A recent International Trade Commission (ITC) case shows that, although rarely used, the ITC remains a viable option for parties pursuing trade secret misappropriation claims. Trade secret claims can be brought under Section 337(a)(1)(A)’s catch-all for other “unfair methods of competition and unfair acts in the importation of articles”—often called “non-statutory” claims—and can result in remedies that effectively bar the entry of the offending products into the U.S., or prevent their commercialization to the extent already imported.

On June 27th, 2019, about a month after a Complaint was filed by Illinois Tool Works Inc., the ITC instituted an investigation into a possible Section 337 violation based on trade secret misappropriation. Illinois Tool Works and its Guangzhou-based subsidiary, Vesta, alleged that Vesta employees left to form a new company called Rebenet, taking Vesta’s trade secrets with them. Vesta’s asserted trade secrets fall into two categories: (1) technical—relating to the materials, components, schematics, and tooling used to create Vesta’s foodservice equipment products; and (2) commercial—including Vesta’s customer list, supplier list, and commercial agreement terms. Vesta claims that its more than 20,000 products are “highly customized,” and that competitors could only achieve a similar level of customizability by relying on Vesta’s proprietary and long-developed methods of coding and tracking the various materials and parts. Under the ITC’s statutory charge to conduct investigations expeditiously, the evidentiary hearing will likely take place within about 9 months.

This new case demonstrates the ITC’s continuing broad jurisdiction.
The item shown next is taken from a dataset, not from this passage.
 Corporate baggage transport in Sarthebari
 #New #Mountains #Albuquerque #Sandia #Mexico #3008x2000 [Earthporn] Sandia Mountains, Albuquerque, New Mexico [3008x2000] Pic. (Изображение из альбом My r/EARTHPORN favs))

It appears from the Complaint that most, if not all, of the acts constituting the alleged trade secret misappropriation took place entirely overseas. Even so, the ITC may still find a Section 337 violation and issue the appropriate exclusionary remedies, as the Federal Circuit held in the landmark decision TianRui Grp. Co. v. Int’l Trade Comm’n, 661 F.3d 1322, 1332 (Fed. Cir. 2011).